Correlation Between Ford and Alpha Lithium
Can any of the company-specific risk be diversified away by investing in both Ford and Alpha Lithium at the same time? Although using a correlation coefficient on its own may not help to predict future stock returns, this module helps to understand the diversifiable risk of combining Ford and Alpha Lithium into the same portfolio, which is an essential part of the fundamental portfolio management process.
By analyzing existing cross correlation between Ford Motor and Alpha Lithium, you can compare the effects of market volatilities on Ford and Alpha Lithium and check how they will diversify away market risk if combined in the same portfolio for a given time horizon. You can also utilize pair trading strategies of matching a long position in Ford with a short position of Alpha Lithium. Check out your portfolio center. Please also check ongoing floating volatility patterns of Ford and Alpha Lithium.

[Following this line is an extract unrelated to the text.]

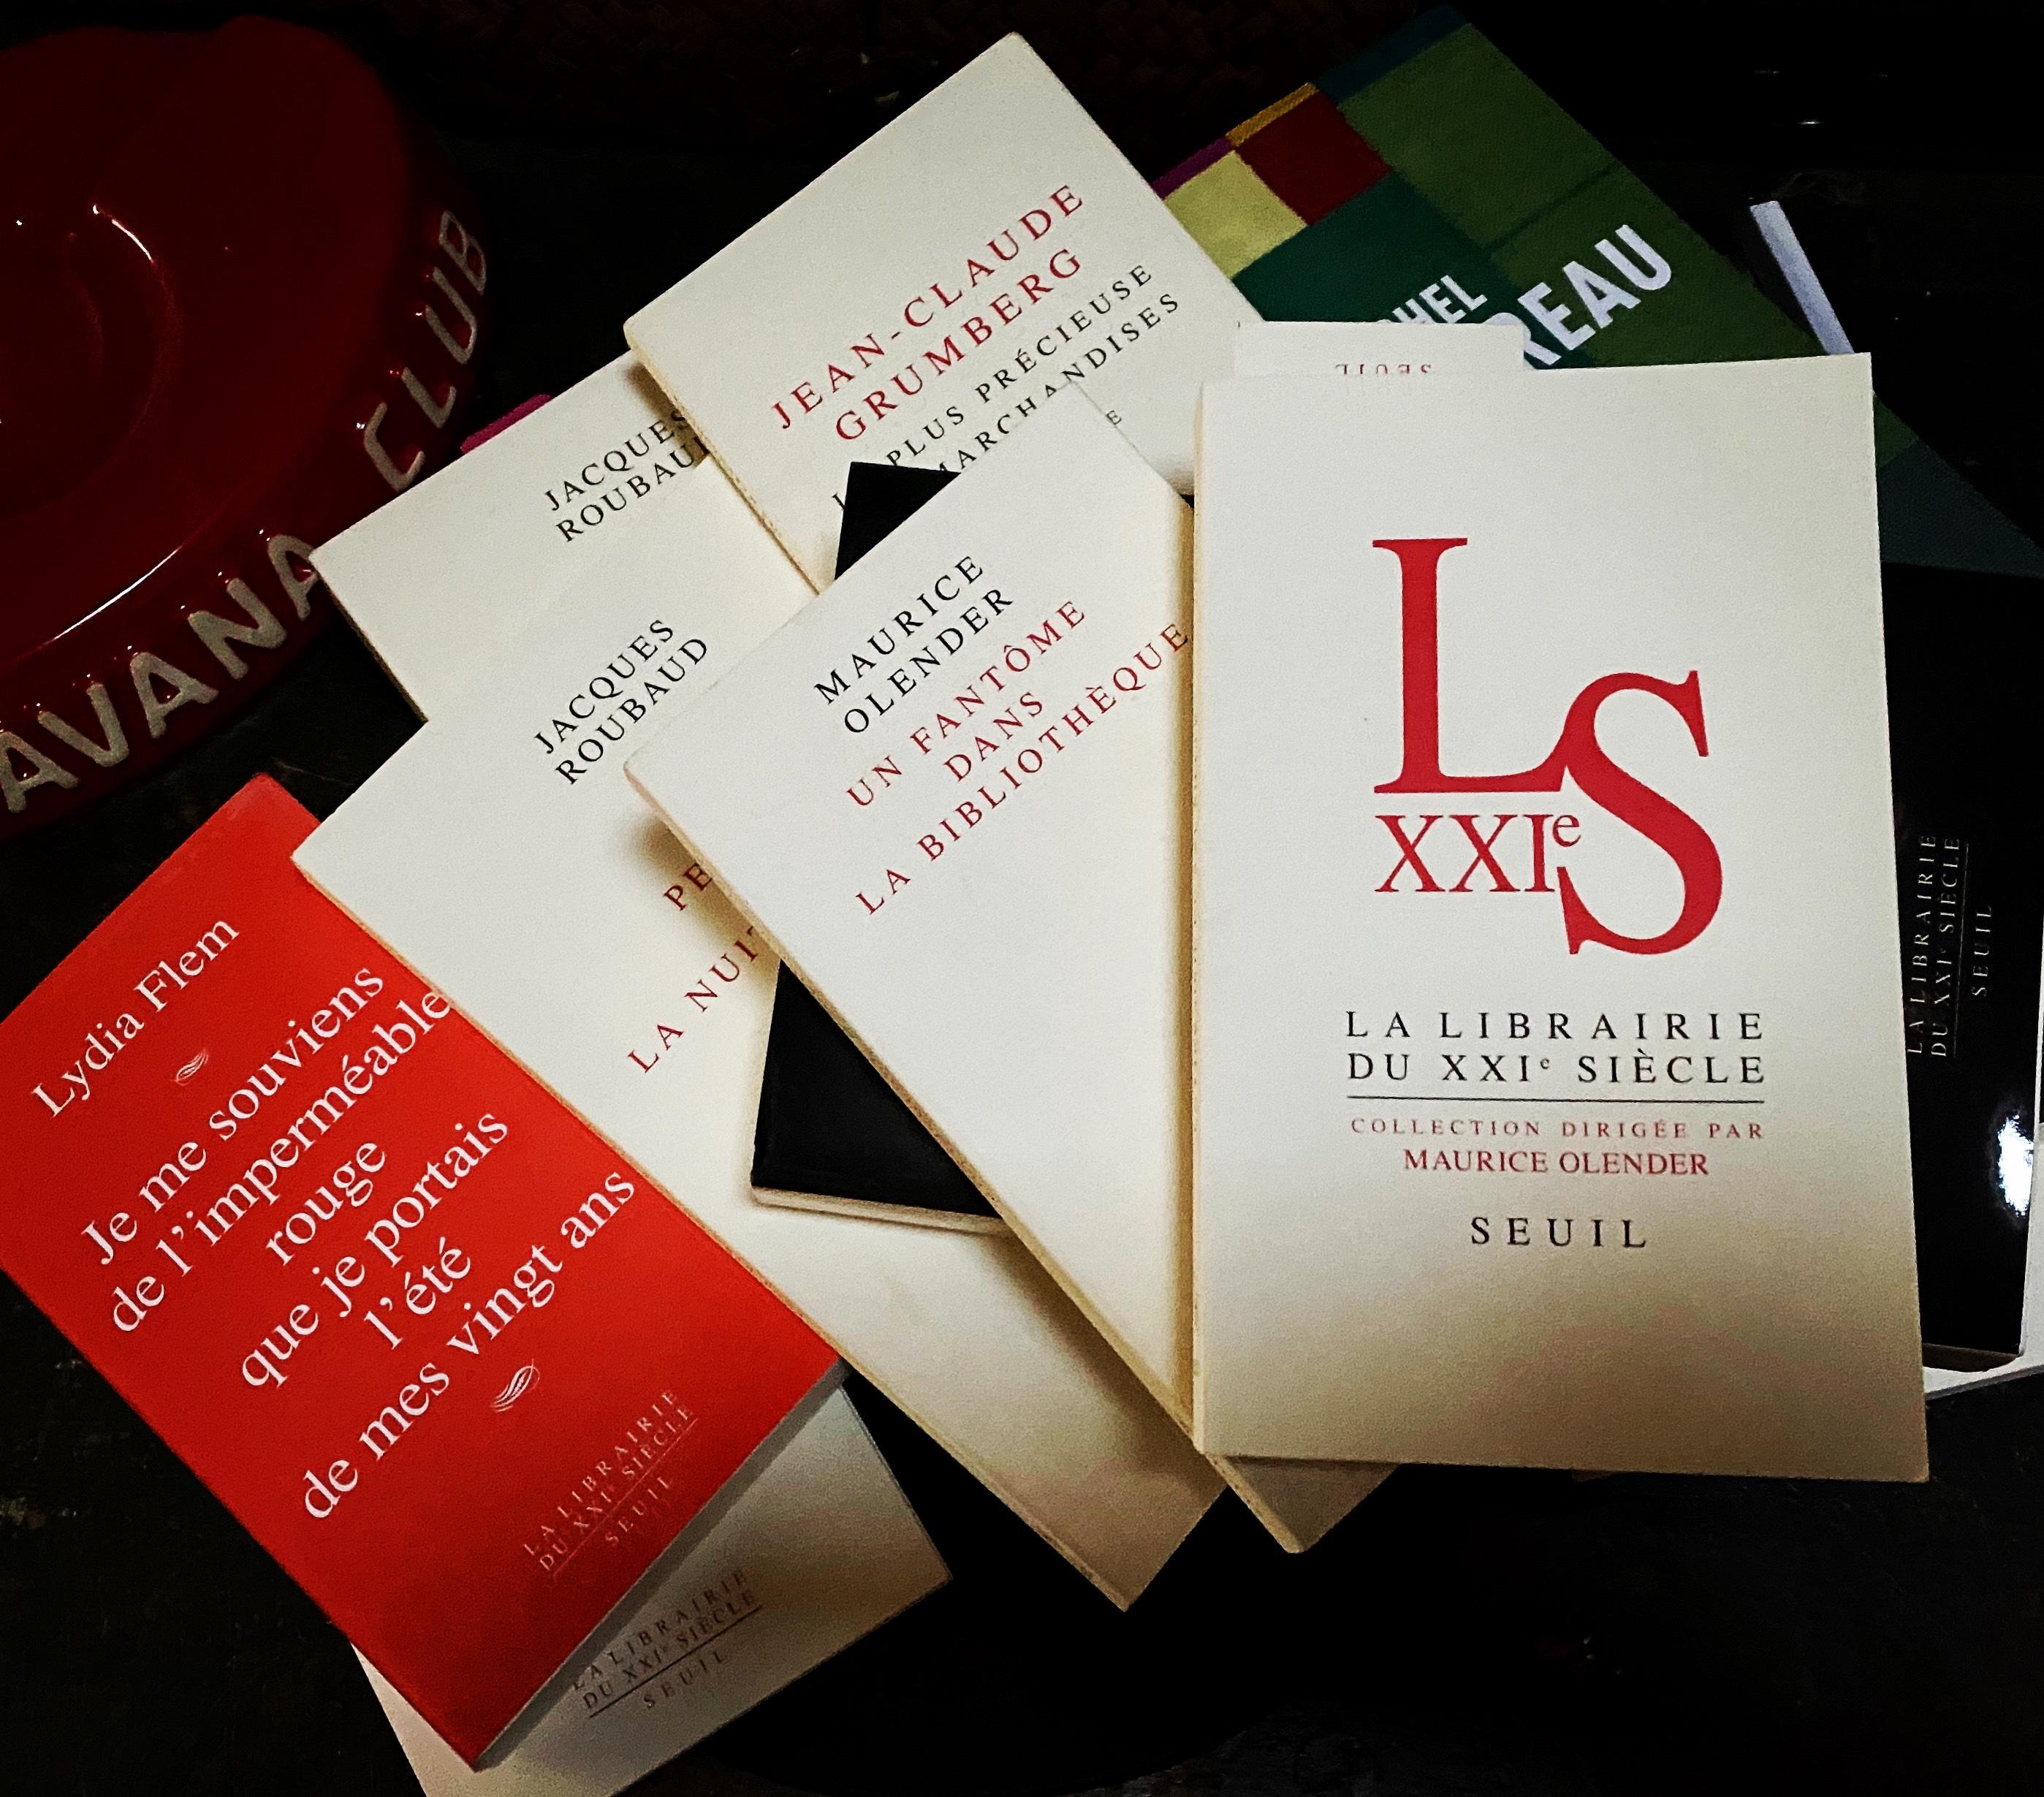 Maurice Olender et la Librairie du XXIe siècle: rencontre Centre Pompidou (9 décembre 2019)

Diversification Opportunities for Ford and Alpha Lithium
-0.25 | Correlation Coefficient |
Very good diversification
The 3 months correlation between Ford and Alpha is -0.25. Overlapping area represents the amount of risk that can be diversified away by holding Ford Motor and Alpha Lithium in the same portfolio, assuming nothing else is changed. The correlation between historical prices or returns on Alpha Lithium and Ford is a relative statistical measure of the degree to which these equity instruments tend to move together. The correlation coefficient measures the extent to which returns on Ford Motor are associated (or correlated) with Alpha Lithium. Values of the correlation coefficient range from -1 to +1, where. The correlation of zero (0) is possible when the price movement of Alpha Lithium has no effect on the direction of Ford i.e., Ford and Alpha Lithium go up and down completely randomly.
Pair Corralation between Ford and Alpha Lithium
Taking into account the 90-day investment horizon Ford is expected to generate 4.96 times less return on investment than Alpha Lithium. But when comparing it to its historical volatility, Ford Motor is 3.71 times less risky than Alpha Lithium. It trades about 0.01 of its potential returns per unit of risk. Alpha Lithium is currently generating about 0.01 of returns per unit of risk over similar time horizon. If you would invest 54.00 in Alpha Lithium on September 2, 2024 and sell it today you would lose (38.00) from holding Alpha Lithium or give up 70.37% of portfolio value over 90 days.
Time Period | 3 Months [change] |
Direction | Moves Against |
Strength | Insignificant |
Accuracy | 100.0% |
Values | Daily Returns |
Ford Motor vs. Alpha Lithium
Performance |
Timeline |
Ford Motor |
Alpha Lithium |
Ford and Alpha Lithium Volatility Contrast
Predicted Return Density |
Returns |
Pair Trading with Ford and Alpha Lithium
The main advantage of trading using opposite Ford and Alpha Lithium positions is that it hedges away some unsystematic risk. Because of two separate transactions, even if Ford position performs unexpectedly, Alpha Lithium can make up some of the losses. Pair trading also minimizes risk from directional movements in the market. For example, if an entire industry or sector drops because of unexpected headlines, the short position in Alpha Lithium will offset losses from the drop in Alpha Lithium's long position.The idea behind Ford Motor and Alpha Lithium pairs trading is to make the combined position market-neutral, meaning the overall market's direction will not affect its win or loss (or potential downside or upside). This can be achieved by designing a pairs trade with two highly correlated stocks or equities that operate in a similar space or sector, making it possible to obtain profits through simple and relatively low-risk investment.Alpha Lithium vs. Winsome Resources Limited | Alpha Lithium vs. Beyond Minerals | Alpha Lithium vs. IGO Limited | Alpha Lithium vs. Qubec Nickel Corp |
Check out your portfolio center.Note that this page's information should be used as a complementary analysis to find the right mix of equity instruments to add to your existing portfolios or create a brand new portfolio. You can also try the Portfolio Comparator module to compare the composition, asset allocations and performance of any two portfolios in your account.